Another avenue for improving the efficiency of CO2 capture involves introducing a catalyst. Catalysts are known to expedite reactions by lowering their activation energies. Consequently, faster reactions lead to increased cyclic capacity, reduced absorber and stripper sizes, and decreased energy requirements during solvent regeneration.

This study is twofold. Firstly, it aims to evaluate the performance of the novel bi-blend solvent (developed by Avor et al., 2023) with or without catalyst in a bench-scale pilot plant. Various performance factors—such as mass transfer coefficient, heat duty, CO2 loading, cyclic loading, absorption and desorption rates, degradation and ammonia emissions will be examined under different operating conditions.

Secondly, the study involves subjecting the solvent to impurities mimicking industrial flue gas compositions. This aims to determine the degradation rate and identify and quantify emitted products in both catalytic and non-catalytic systems.

Successful outcomes from these investigations will not only endorse the use of the novel amine in catalytic CO2 absorption from power industry flue gas as an environmentally sustainable approach but also establish it as an energy-efficient process ripe for commercialization.

The fundamentals of chemistry can help us to understand why heat stable salts (HSSs) make an amine solution more prone to foaming. Foaming is one of the operational issues that can reduce the ability of an amine to capture the CO2. Foam behaviour of the amine solvent is a manifestation of its surface tension. If we dig deeper into the atomic level, one will find out that the surface tension of the amine is controlled ultimately by the strength of the hydrogen bonding and dipole-dipole forces holding the amine and water molecules together. The principle is that the stronger the forces existing in the solution, the higher its surface tension, and the harder it is for the amine to foam. The strength of the amine-water intermolecular forces changes with HSSs contamination. Once formed from the undesirable degradation of amine, these HSSs instantly tie up the amine molecules which in turn, interrupts the amine-water molecular connectivity.  This weakens the original intermolecular forces that exists within the amine solution. This occurrence definitely lowers the amine surface tension which subsequently makes the amine solution more susceptible to foam.

This phenomenon is represented graphically as shown in the figure below. The top picture depicts the scenario in the absence of HSS. The intermolecular forces existing between amine and water are so strong, resulting in a high surface tension, yielding less foaming of the amine. The bottom picture on the other hand illustrates the presence of HSS created as a result of amine degradation. These salts disrupt and break the intermolecular forces that exist between the amine and water, lowering the resistance of the surface forces. As a result, weak intermolecular forces exist between amine and water at the surface, which consequently lowers the surface tension of the amine solution and leads to high foaming.
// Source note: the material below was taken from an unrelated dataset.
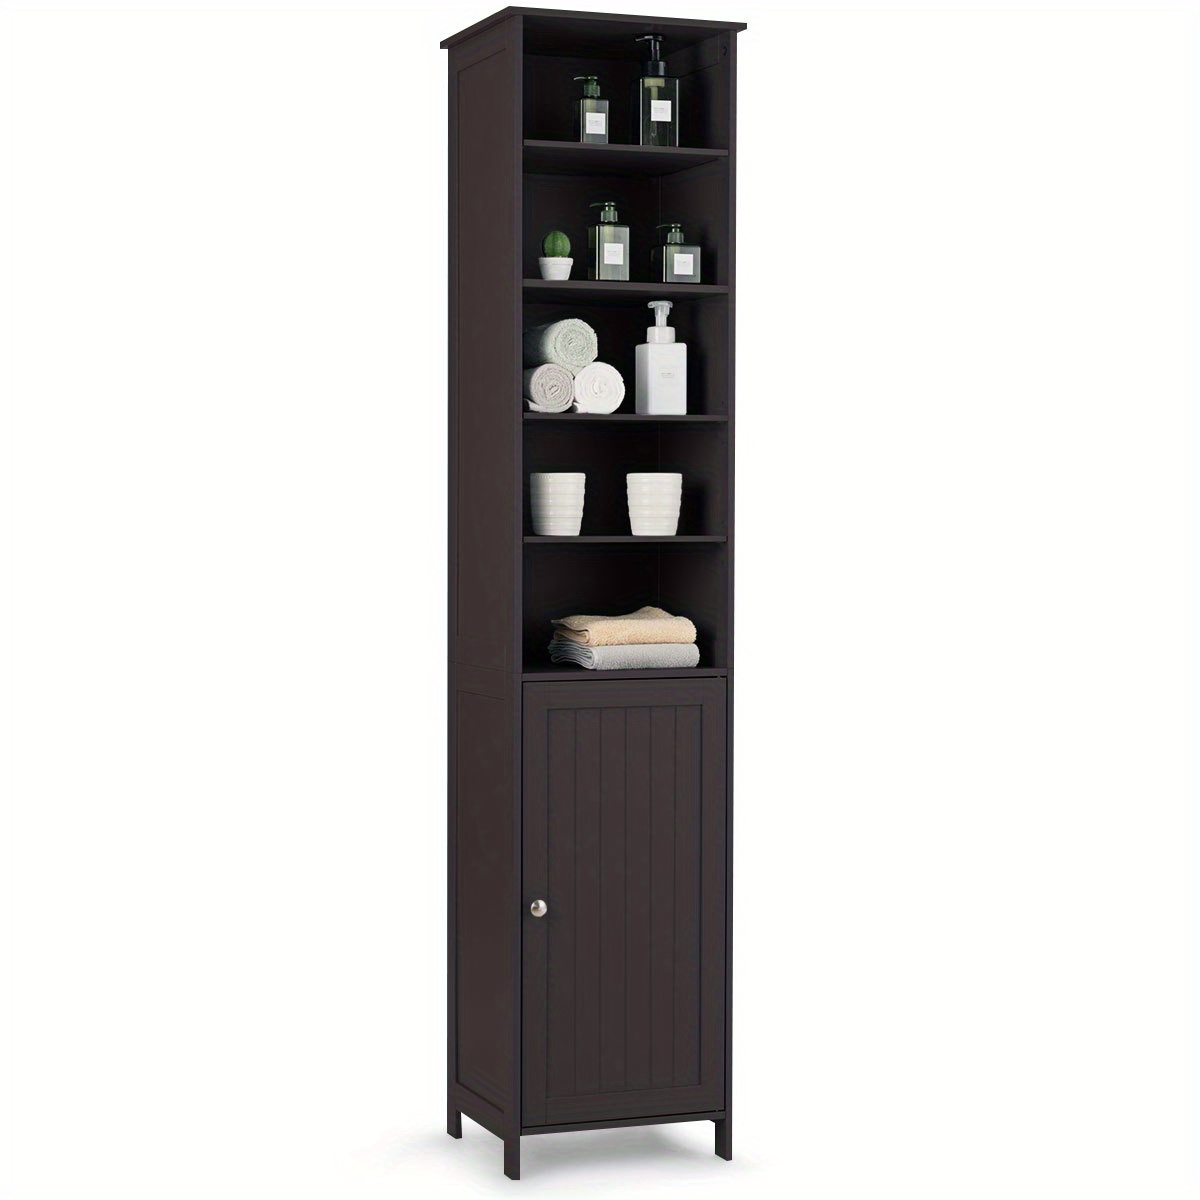 

Multigot 72" Bathroom Tall Floor Storage Cabinet Freestand Shelving Display Brown
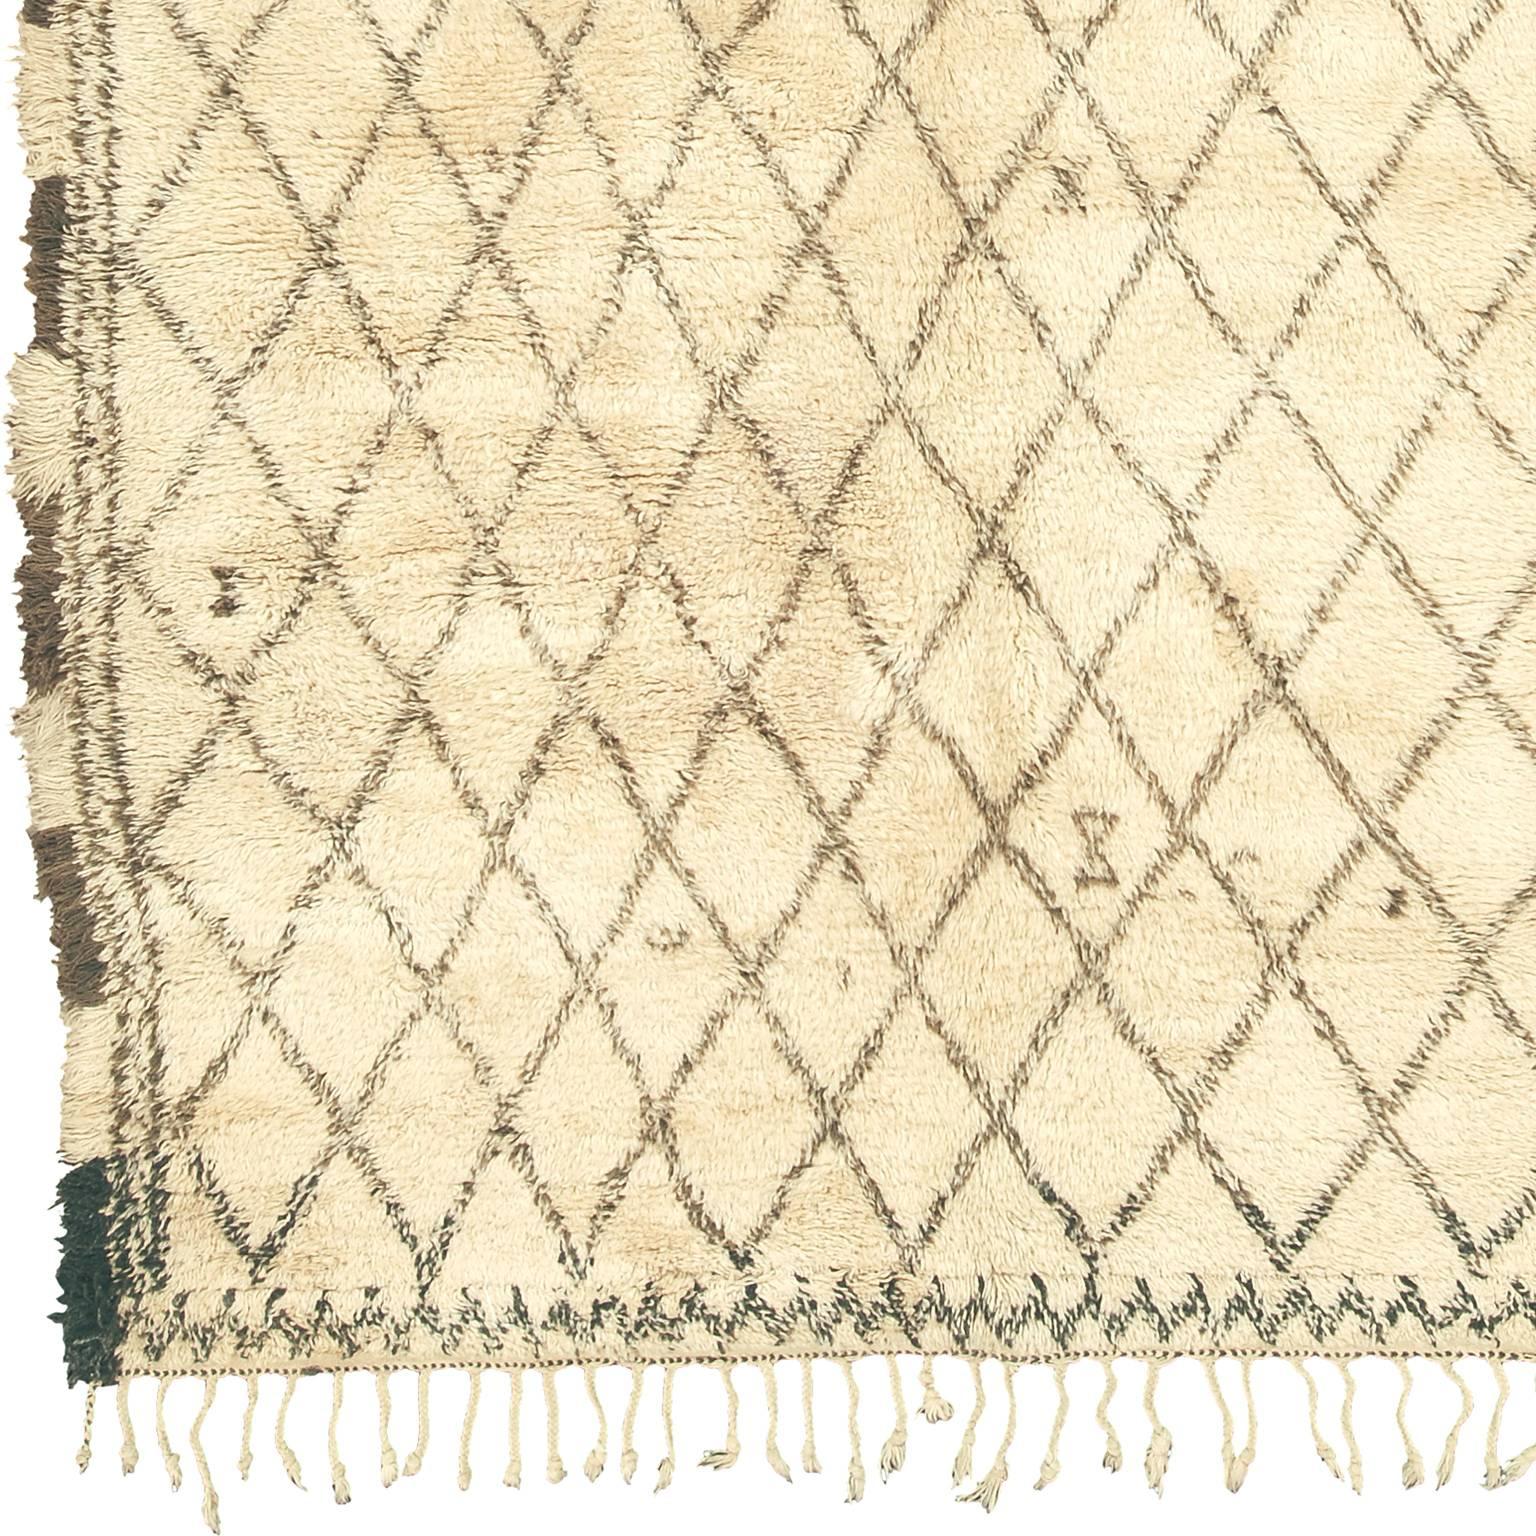 Mid-20th century Moroccan Beni Ourain rug
Morocco, circa mid-20th century
Handwoven

Based on this understanding, a monitoring system that tracks the concentration of HSS must be put in place so as to know when to remove the HSS as their concentration builds up. Apart from using high pressure drop across the absorber tower as a marker for amine foaming, surface tension can also be considered as one of the parameters that can help track the foaming tendency of the amine solution.

The global concern over climate change has led to the implementation of various measures to reduce greenhouse gas emissions, including carbon capture and storage (CCS) technology. One of the most promising CCS technologies involves the removal of CO2 from flue gas emitted by power plants and industrial processes, and either use or store it. However, the presence of sulfur dioxide (SO2) and nitrogen dioxide (NO2) in flue gas poses challenges to the efficient operation of amine-based CO2 capture systems. SO2 and NO2 in the flue gas does not only contribute to air pollution and acid rain but also, harm the CO2 capturing process by reacting with the amine to form Heat Stable Amine Salts (HSAS). HSAS causes corrosion, promote foaming and ‘handcuff’ the amine solution used for CO2 absorption.
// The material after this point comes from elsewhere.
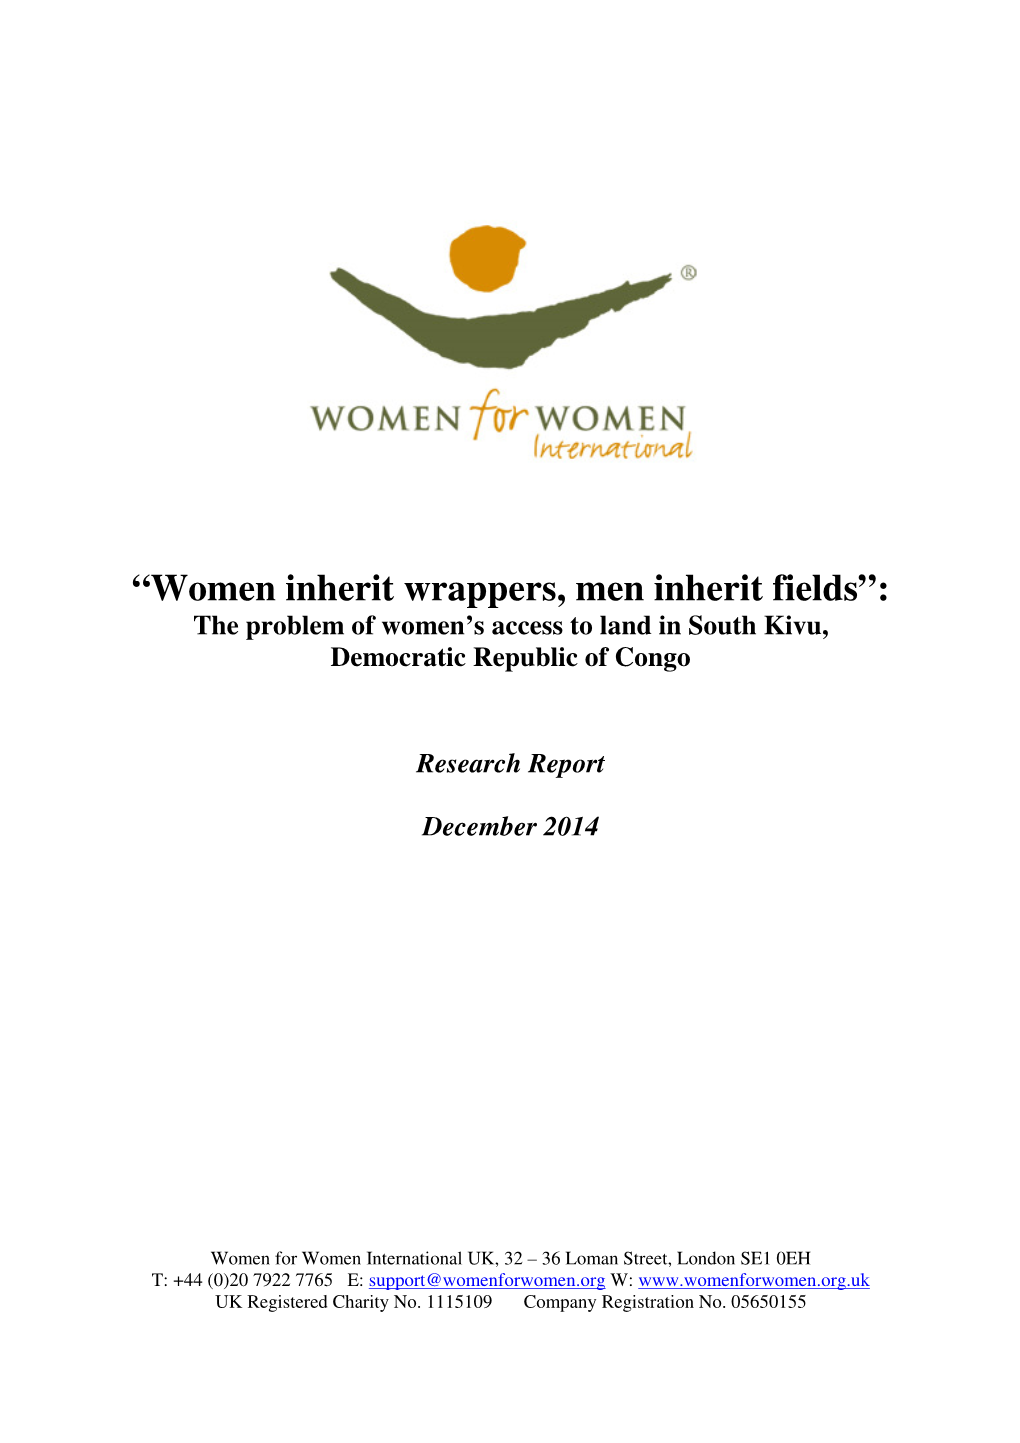 “Women Inherit Wrappers, Men Inherit Fields”: the Problem of Women’S Access to Land in South Kivu, Democratic Republic of Congo

Processes such as Selective Catalytic Reduction (SCR), Selective Non-catalytic Reduction (SNCR), and Flue Gas Desulfurization (FGD) are employed in industries to control SOx and NOx emissions. Nonetheless, with the deployment of these pollutant removal technologies, residual quantities of SO2 and NO2 remain in the flue gas entering the carbon capture system. For this reason, two of the major suppliers of CO2 capture plant, Fluor and Mitsubishi Heavy Industries (MHI), recommend limits for these contaminants in the flue gas entering the amine scrubber in other to minimize the detrimental effect of these impurities. Fluor suggested a SOx and NOx limits of 10 ppmv and 20 ppmv, and Mitsubishi Heavy Industries (MHI) discussed a SOx limit of 1–2 ppmv and a low but undefined NO2 limit (Reddy et al., 2008). As a result, to optimize the performance of amine-based CO2 capture systems, it is essential to develop effective pretreatment methods that enable simultaneous removal of SO2 and NO2 from flue gas before carbon capture with amine solvents.
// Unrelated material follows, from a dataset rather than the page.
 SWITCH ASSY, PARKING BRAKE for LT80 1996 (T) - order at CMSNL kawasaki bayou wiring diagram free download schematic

Integrated wet scrubbing involves the use of tailored scrubbing solutions or suspensions that can effectively absorb both SO2 and NO2 simultaneously. This approach minimizes the need for separate treatment systems and reduces capital and operating costs. Additionally, combined sorbent-based systems utilize advanced sorbent materials capable of selectively capturing both SO2 and NO2 from flue gas. These materials exhibit high sorption capacities, selectivity, and stability, ensuring efficient removal of pollutants without compromising the performance of amine solvents in subsequent CO2 capture steps. Integration of these pretreatment techniques with amine-based CO2 capture systems can enhance overall process efficiency, reduce energy consumption, and minimize environmental impacts.

Our student will investigate the simultaneous NO2 and SO2 removal from flue gas using a novel, low-cost, and formulated green solvent. His study will emphasize the significance of optimizing operational parameters, such as temperature, residence time, and flue gas composition, to achieve efficient simultaneous removal of SO2 and NO2. The study will be conducted on a laboratory batch-scale using a simulated flue gas stream with varying concentrations of NO2 and SO2. Furthermore, empirical data generated from his work will be evaluated to study the performance and kinetics of the formulated solvent for further study.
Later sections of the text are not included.